A) the moment of inertia of the system decreases and the angular speed increases.

Explanation:

The complete question is

A merry-go-round spins freely when Diego moves quickly to the center along a radius of the merry-go-round. As he does this, It is true to say that

A) the moment of inertia of the system decreases and the angular speed increases.

B) the moment of inertia of the system decreases and the angular speed decreases.

C) the moment of inertia of the system decreases and the angular speed remains the same.

D) the moment of inertia of the system increases and the angular speed increases.

E) the moment of inertia of the system increases and the angular speed decreases

In angular momentum conservation, the initial angular momentum of the system is conserved, and is equal to the final angular momentum of the system. The equation of this angular momentum conservation is given as

$I_{1} w_{1} = I_{2} w_{2}$ ....1

where $I_{1}$ and $I_{2}$ are the initial and final moment of inertia respectively.

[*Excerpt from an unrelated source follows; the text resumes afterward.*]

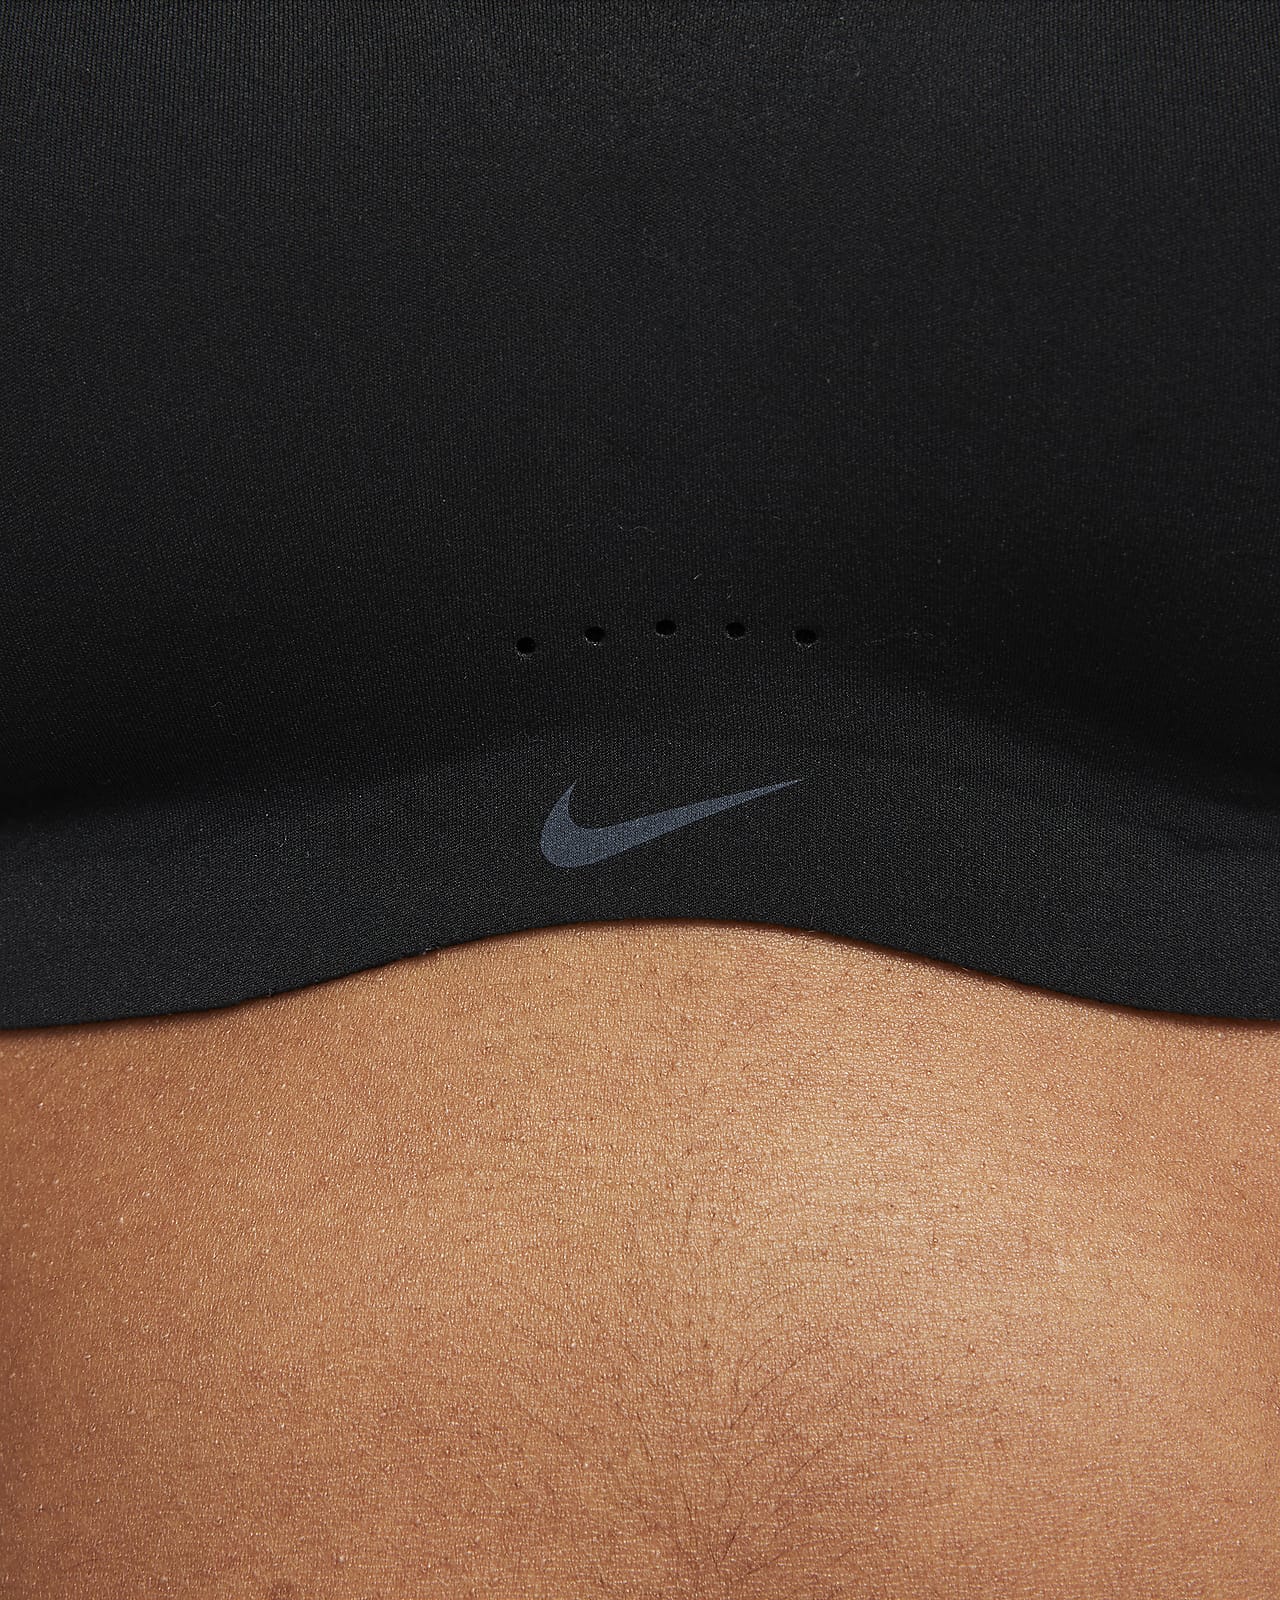 Women's Nike Alate Minimalist Sports Bra Size 1X (C-E) White

and $w_{1}$ and $w_{2}$ are the initial and final angular speed respectively.

Also, we know that the moment of inertia of a rotating body is given as

$I = mr^{2}$ ....2

where $m$ is the mass of the rotating body,

and $r$ is the radius of the rotating body from its center.

We can see from equation 2 that decreasing the radius of rotation of the body will decrease the moment of inertia of the body.

From equation 1, we see that in order for the angular momentum to be conserved, the decrease from $I_{1}$ to $I_{2}$ will cause the angular speed of the system to increase from $w_{1}$ to $w_{2}$ .

From this we can clearly see that reducing the radius of rotation will decrease the moment of inertia, and increase the angular speed.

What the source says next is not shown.